Они шли по Елисейским полям, которые вымел резкий ветер. Прохожие сновали туда-сюда, несмотря на довольно многочисленные здесь вражеские мундиры. Женщины — кто в теплом пальто, кто в легком — шли с беззаботным видом и весело постукивали деревянными каблуками. На авеню Георга V они вошли в пассаж. Внутренний лифт привез их в помещение над кино. Гардероб, согнувшийся в поклоне метрдотель, плюш и зеркала в рамах резного дерева, игорный зал, бар и ресторан. Тех, кто здоровался с Альбером, было больше, чем тех, с кем он не здоровался. Здесь было несколько немцев, главным образом моряков и летчиков, иные даже в штатском, но видно было, что это — немцы, и говорили они на режущем слух французском, иные походили на французов, но говорили по-немецки.
Альбер был одет в стиле тех, кто задавал здесь тон: темный костюм в узкую полоску, накрахмаленная сорочка, бархатный галстук, лакированные ботинки. Эме стеснялся своей спортивной куртки и желтых башмаков, которые достал ему Альбер. Он выглядел подозрительно здесь, в этом сборище, где пестрели галльские секиры [20] ! Его представили нескольким важным господам, те вежливо улыбались, снисходя к положению молодого офицера, только что выпущенного из лагеря, и немедленно начинали восторгаться тем, как любят маршала военнопленные. Ах, если бы они возвратились, все было бы иначе! Их спутницы в туалетах от Ланвена обнаруживали нездоровое любопытство к ситуации, когда столько молодых людей так долго лишены женщин!
20
Эмблема вишистов.
Оркестр ненавязчиво исполнял тихую музыку. Красивая женщина в черном грудным голосом пела песню «Милый друг». «Это их Марлен, — сказал Адриен. — Ее зовут Сара. Но это их не смущает». Их ожидала пара — накрашенная вульгарная женщина с громким голосом и сияющий упитанный мужчина со смуглой кожей беглого каторжника. Их сопровождала молодая женщина с вишневыми губами, в вишневом платье. Она смотрела на Эме с нежностью утопающего, который видит подплывающую к нему лодку. Это была их «племянница». Она приехала из разрушенного Орлеана. Разговор, естественно, зашел о жизни мужчин без женщин, но Альберу удалось направить его в другое русло, прежде чем он сделался совсем уж непристойным. Лонги навострил уши, когда беженка заговорила о лагере в Рава-Русской. Там находился ее старший брат, сержант, уклонившийся от отправки в Германию на работу и попавший за это в лагерь уничтожения.
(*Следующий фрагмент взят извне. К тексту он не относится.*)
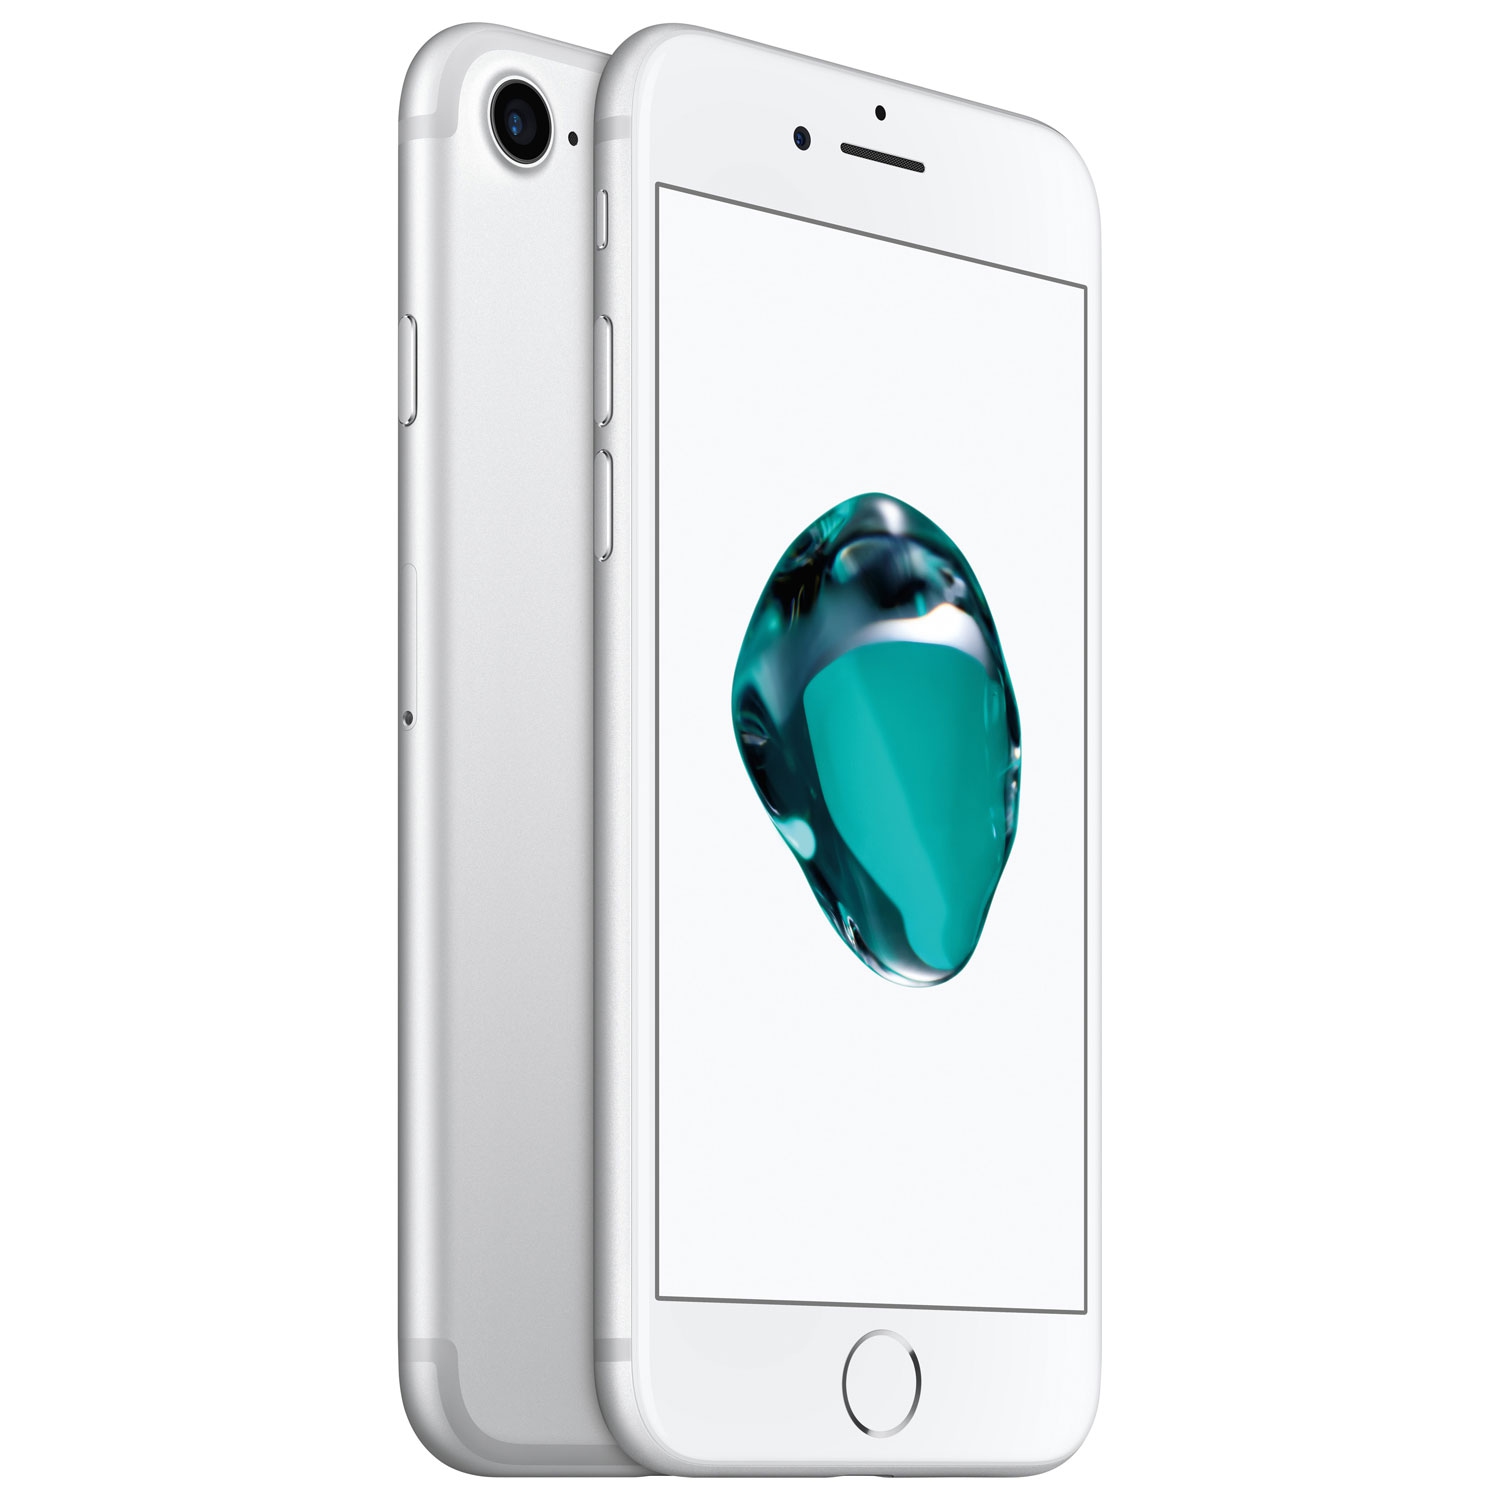 Refurbished (Excellent) - Apple iPhone 7 32GB Smartphone - Silver - Unlocked - Certified Refurbished
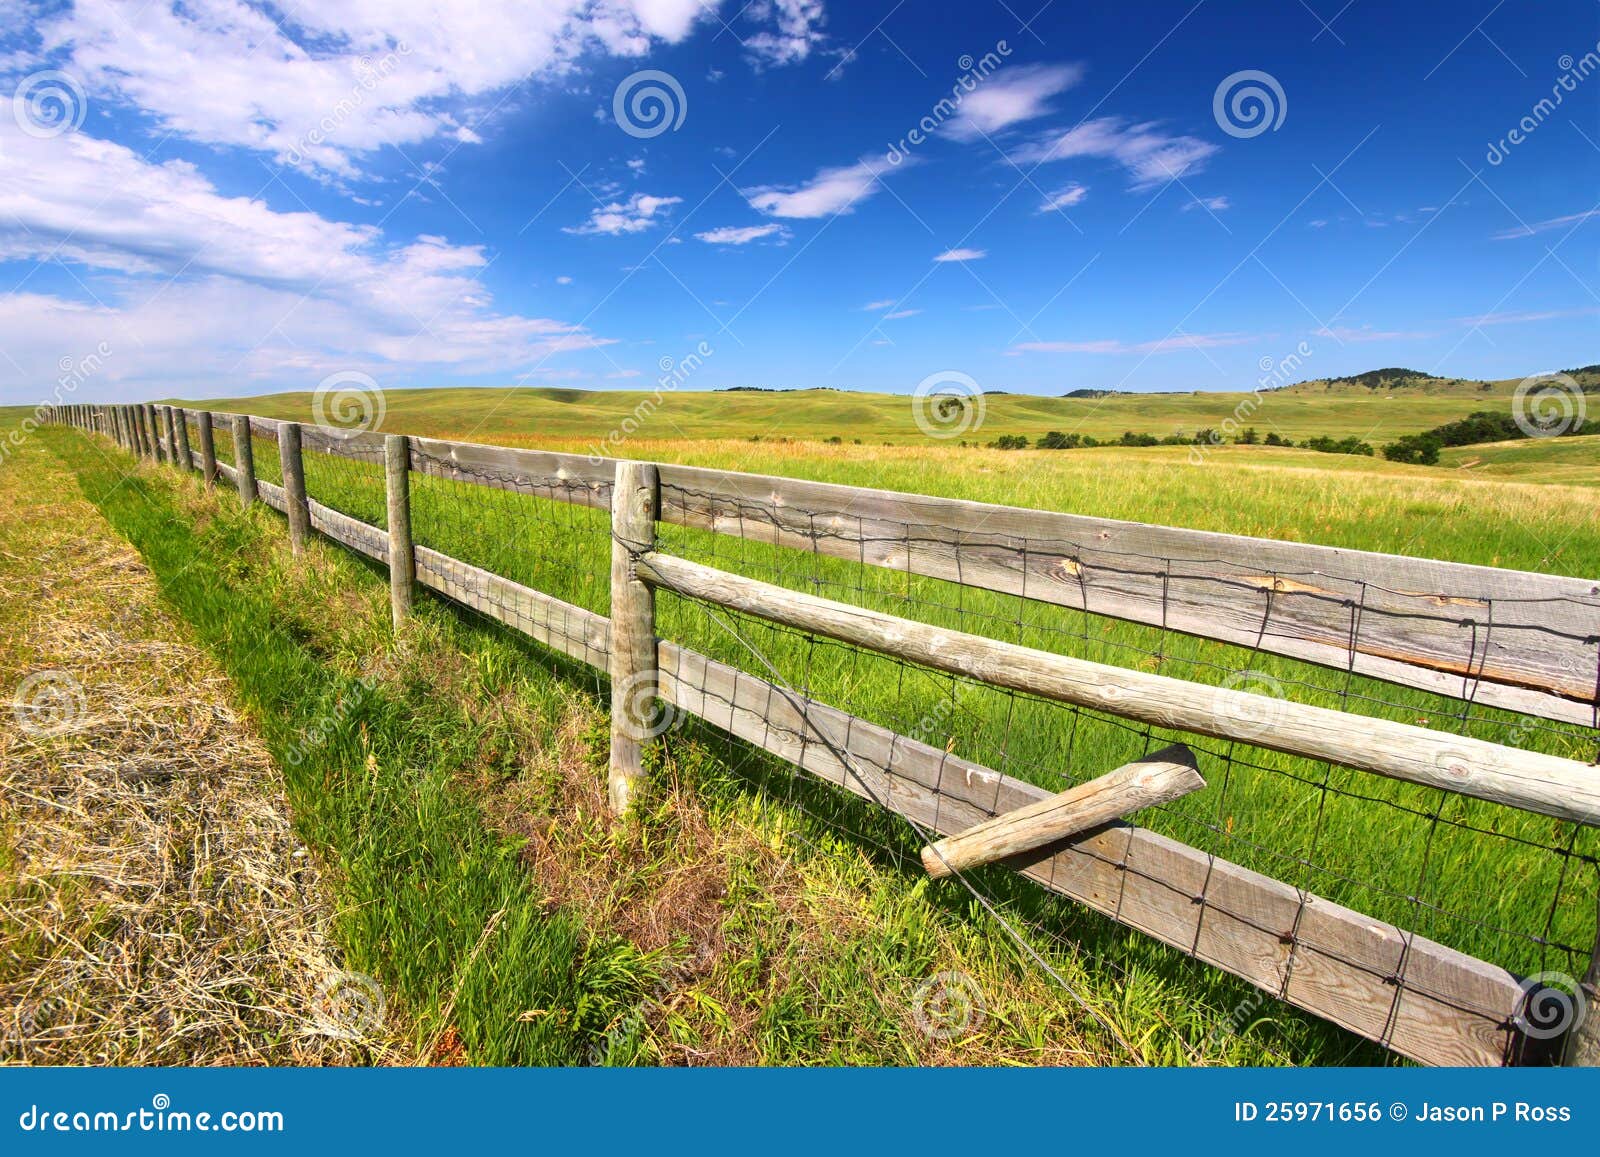 prairie fenceline south dakota

Они потягивали модный коктейль, в основном состоявший из джина с апельсиновым соком, — сайд-кар. Крепкий напиток и тоска ударили ему в голову. В Гроссборне в это время была уже глубокая ночь на бумажных тюфяках.
Метрдотель подвел их к забронированному столику. Мужчины и размалеванная женщина говорили о велосипедах, о кофе в зернах, о коньяке и о клубках шерсти. До Эме донеслось слово «грузовики», но он решил, что ослышался.
От внезапного грохота у него заныло в животе. Грохотал строевой шаг — ежедневный развод караула от могилы Неизвестного солдата на площади Звезды. Он почувствовал, что страшно побледнел. Чья-то рука коснулась его руки — то была «племянница».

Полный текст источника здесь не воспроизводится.